Cytotoxicity of nonylphenol on spermatogonial stem cells via phosphatidylinositol-3-kinase/protein kinase B/mammalian target of rapamycin pathway.

BACKGROUND With continuous advancement of industrial society, environmental pollution has become more and more serious. There has been an increase in infertility caused by environmental factors. Nonylphenol (NP) is a stable degradation product widely used in daily life and production and has been proven to affect male fertility. However, the underlying mechanisms therein are unclear. Thus, it is necessary to study the effect and mechanism of NP on spermatogonial stem cells (SSCs). AIM To investigate the cytotoxic effect of NP on SSCs via the phosphatidylinositol-3kinase/protein kinase B/mammalian target of rapamycin (PI3K/AKT/mTOR) pathway. METHODS SSCs were treated with NP at 0, 10, 20 or 30 mu mol. MTT assay was performed to evaluate the effect of NP on the proliferation of SSCs. Flow cytometry was conducted to measure SSC apoptosis.
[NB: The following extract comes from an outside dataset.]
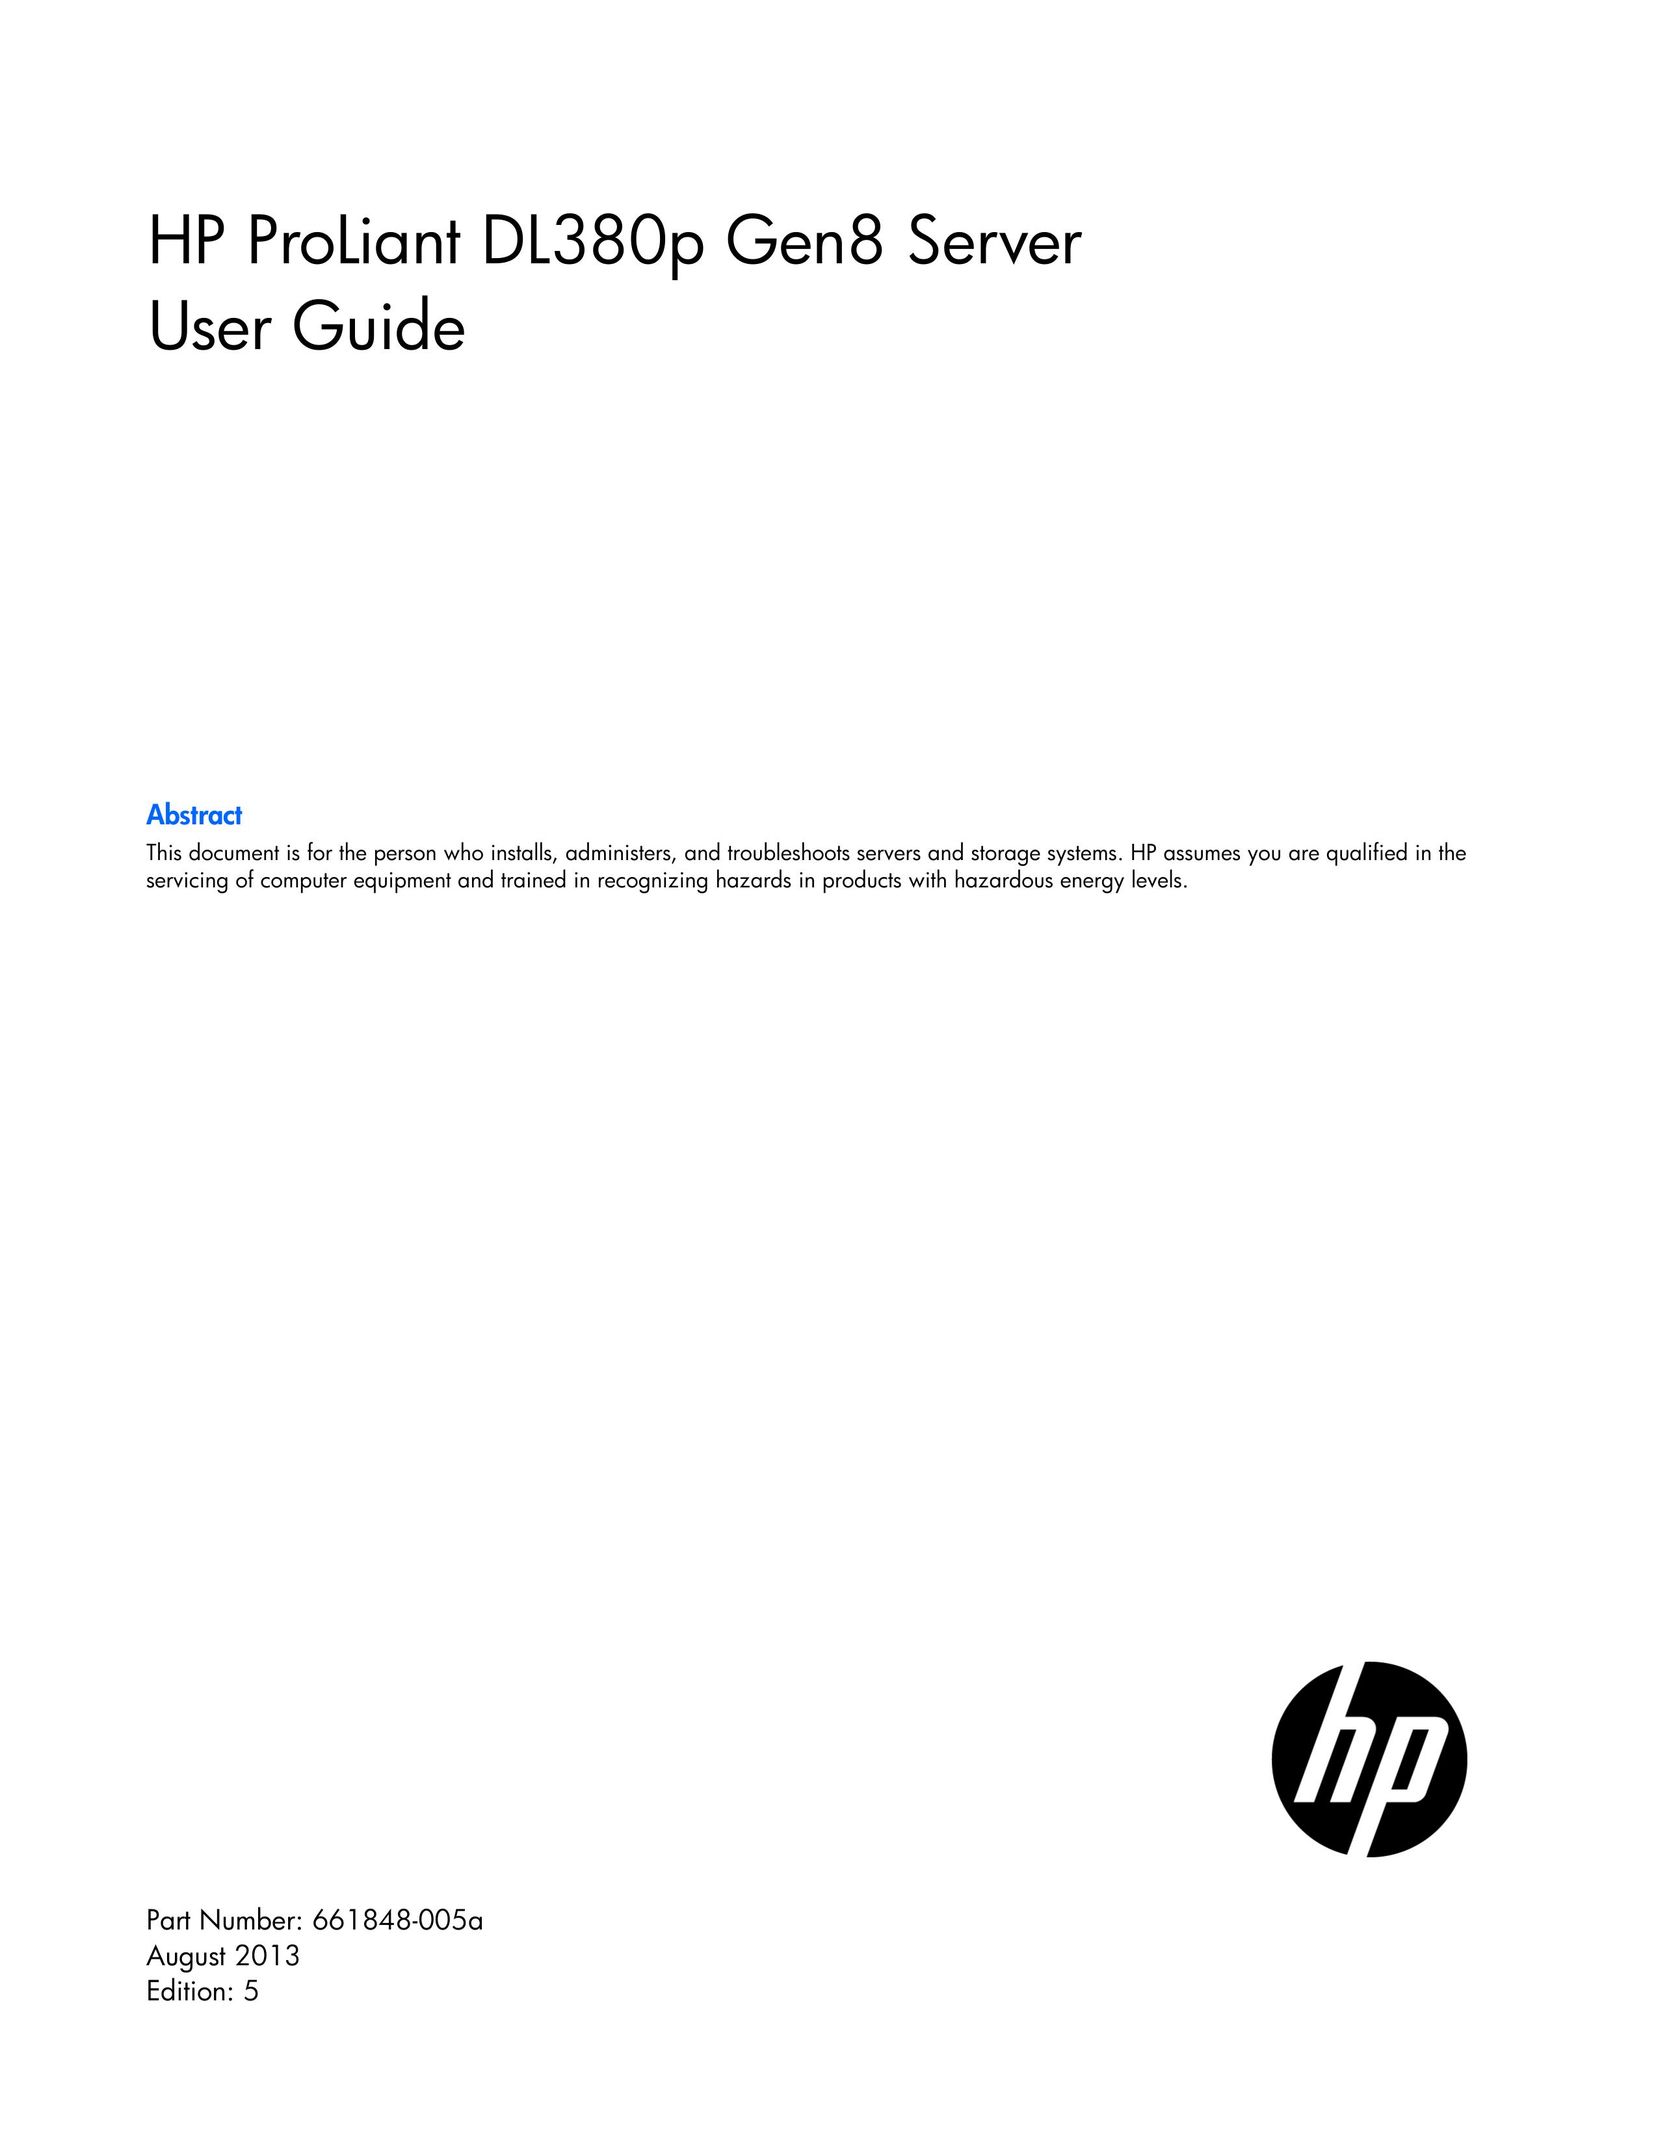 HP (Hewlett-Packard) 670857-S01 Server User Manual

The expression of Bad, Bcl-2, cytochrome-c, pro-Caspase 9, SOX-2, OCT-4, Nanog, Nanos3, Stra8, Scp3, GFRa1, CD90, VASA, Nanos2, KIT, PLZF and PI3K/AKT/mTOR-related proteins was observed by western blot, and the mRNA expression of SOX-2, OCT-4 and Nanog was detected by quantitative reverse transcription polymerase chain reaction. RESULTS Compared with untreated cells (0 mu mol NP), SSCs treated with NP at all concentrations showed a decrease in cell proliferation and expression of Bcl-2, Nanog, OCT-4, SOX-2, Nanos3, Stra8, Scp3, GFRa1, CD90, VASA, Nanos2, KIT, and PLZF (P < 0.05), whereas the expression of Bad, cytochrome-c, and pro-Caspase 9 increased significantly (P < 0.05). We further examined the PI3K/AKT/mTOR pathway and found that the phosphorylation of PI3K, AKT, mTORC1, and S6K was significantly decreased by NP at all concentrations compared to that in untreated SSCs (P < 0.05). NP exerted the greatest effect at 30 mu mol among all NP concentrations. CONCLUSION NP attenuated the proliferation, differentiation and stemness maintenance of SSCs while promoting apoptosis and oxidative stress. The associated mechanism may be related to the PI3K/AKT/mTOR pathway.